Diverse economic and political interests, together with conflicting and accumulated cultural values for more than a century, led to the armed conflict. The following are the most important causes of war:

Slavery

After the Declaration of Independence in 1776 and its ratification in 1789, slavery continued to be legal in the thirteen English colonies of America. Production relations based on slave labor continued to play a dominant role in the economies and societies of the southern states.

The establishment of slavery and its consolidation as an institution nurtured feelings of white supremacy among the colonists and their descendants. African blacks were deprived of rights. Even after the Constitution was passed, very few blacks were allowed to vote or own property.

However, in the northern states the abolitionist movement grew, leading to abandonment of slavery. Unlike the southern states, the Northerners received cheap labor from European immigrants, making slavery unnecessary. In contrast, for the south, slave labor on the plantations was essential.

The wealthy southern ranchers were unwilling to give up the wealth generated by profitable cotton plantations. After the cotton gin was invented in the late 18th century, demand for the product grew in America and Europe.

Consequently, the demand for slave labor from the south also grew. At the beginning of the civil war some 4 million slaves worked on plantation estates in the South.

Differences between north and south

The south depended exclusively on agriculture while the north had a more diversified economy, combining agriculture and industry. In fact, the northern states bought cotton from the southern states to make textiles and other products.

For this reason, the North did not have the constraints of slave labor because it preferred European immigrants. These stark economic differences also led to the creation of irreconcilable social and political views.

Immigrants from the north came from countries where slavery had been abolished and espoused egalitarian and liberal ideas. Additionally, immigrant families lived and worked together.

The southern social order was based entirely on the segregation of blacks, who were considered an inferior race. White supremacy encompassed all aspects of everyday life and politics. The slave owners behaved like true kings within their respective estates.

The social and cultural differences between the North and the South around the issue of slavery also had a significant influence on political thought. The federal powers that were based in the north were influenced by the abolitionist movement. Such influence created the need to control the culture and economy of the southern states.
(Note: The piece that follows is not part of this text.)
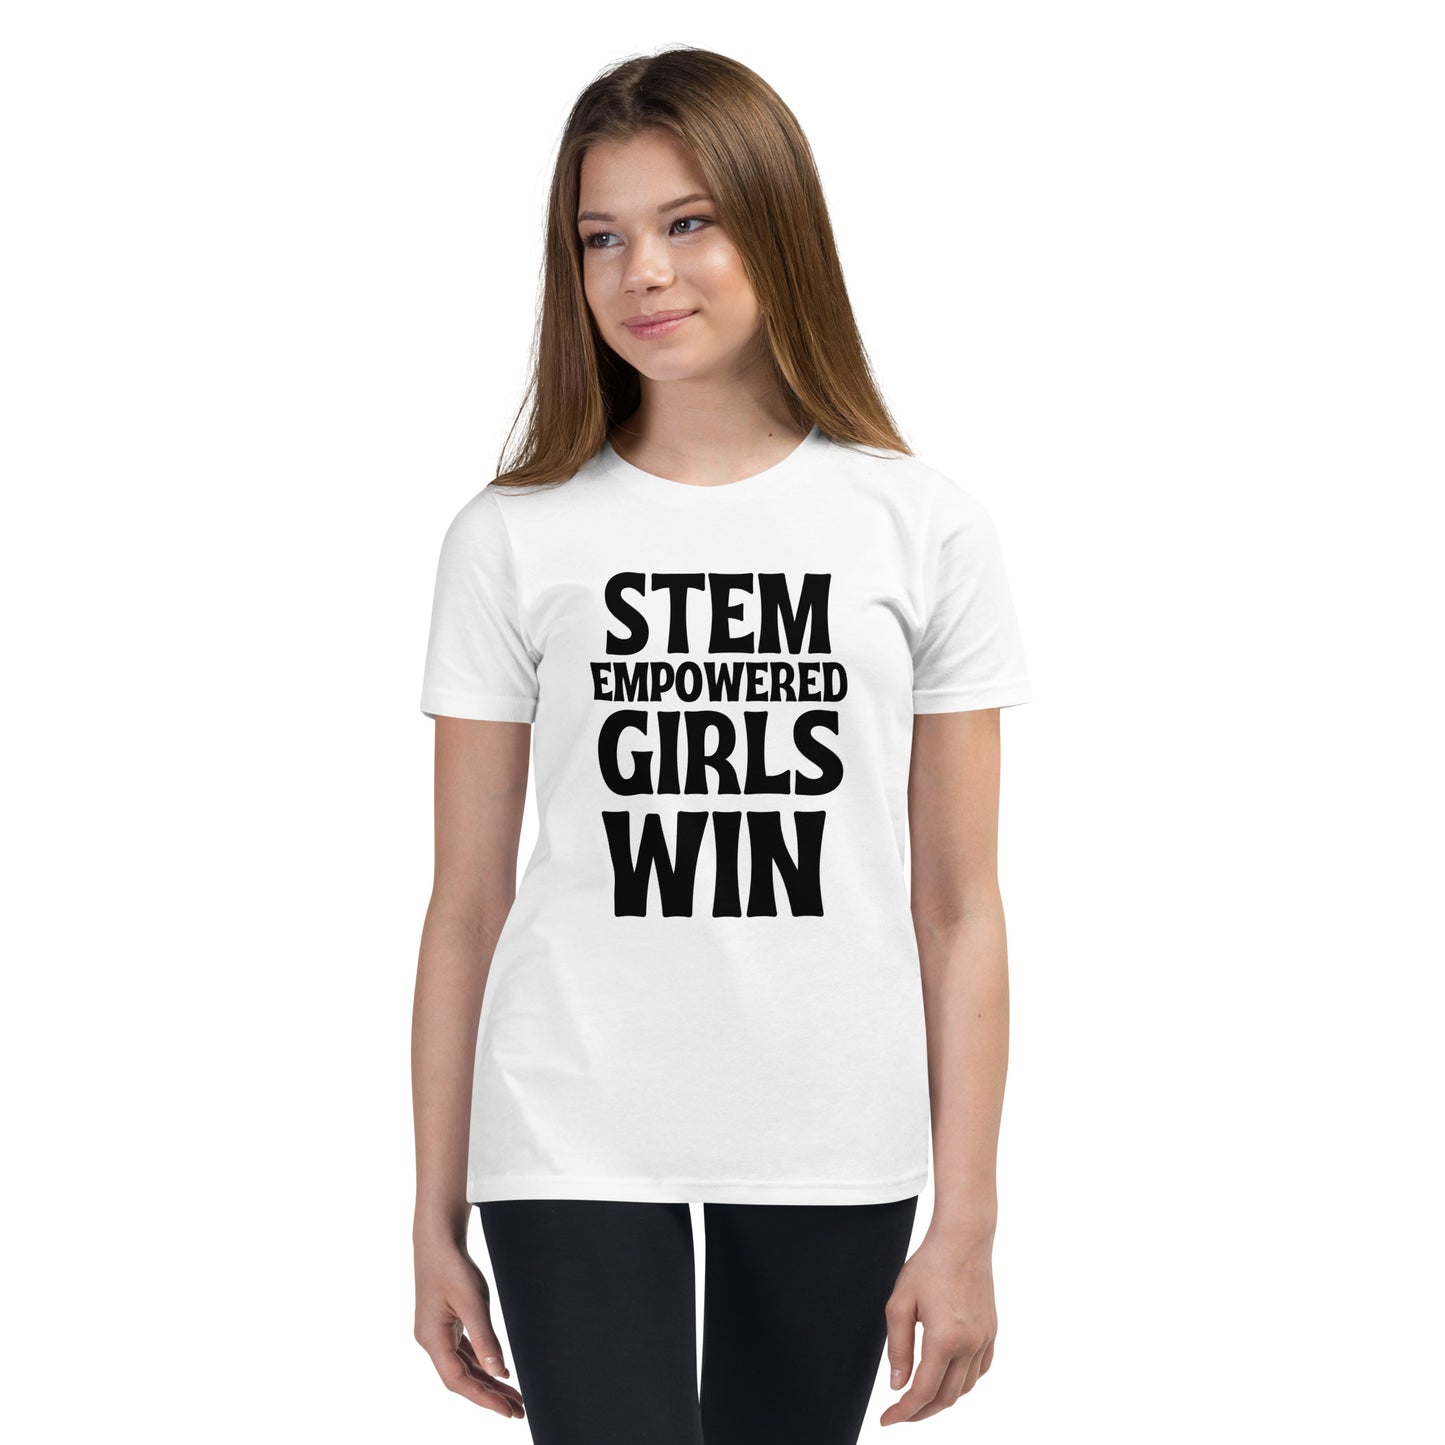 STEM Empowered Girls Win Short Sleeve Youth (White/Black) T-Shirt
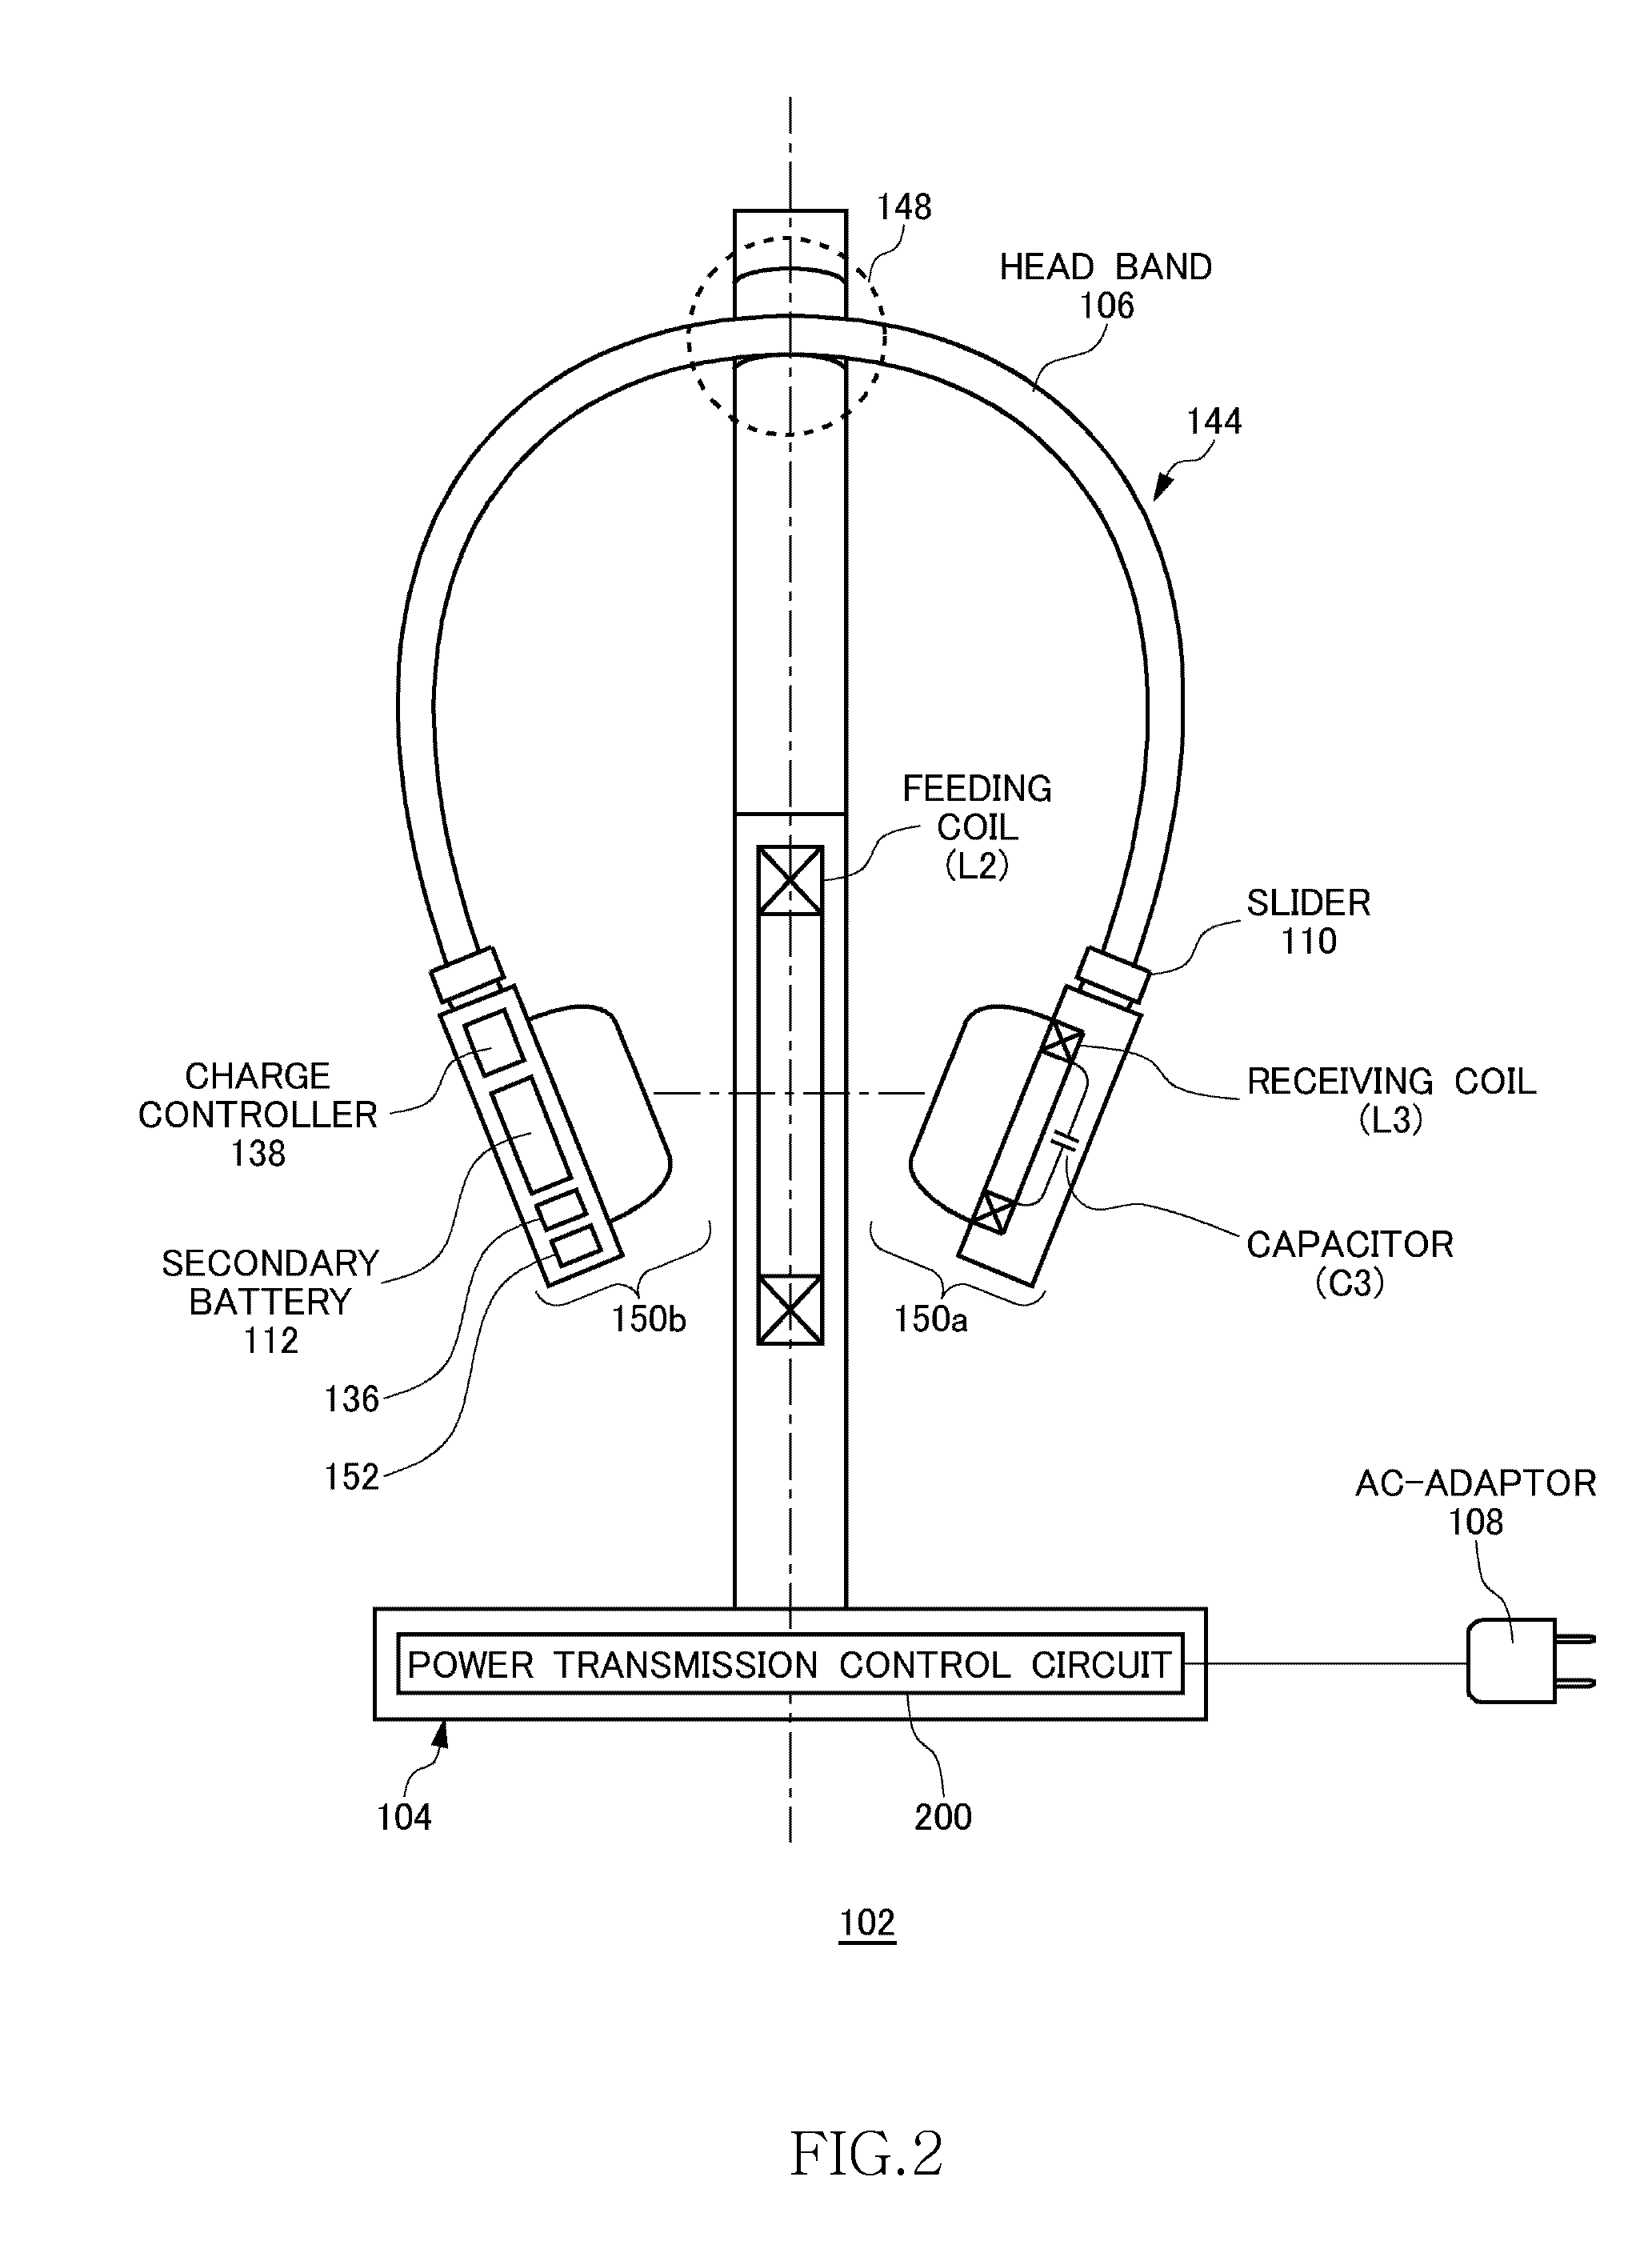 Headphone, headphone stand and headphone system

States against federal rights

This was another point of contention between the north and the south. Since the so-called American Revolution there have been two points of view regarding the role of government.

There were the defenders of a federal government with greater powers and control over the states, as well as those who demanded that the states have more rights.

The organization of the first American government was governed by the Articles of Confederation . The United States was made up of thirteen states run by a weak federal government. Such weaknesses of the federal state were later amended by the Philadelphia Constituent Convention, in 1787.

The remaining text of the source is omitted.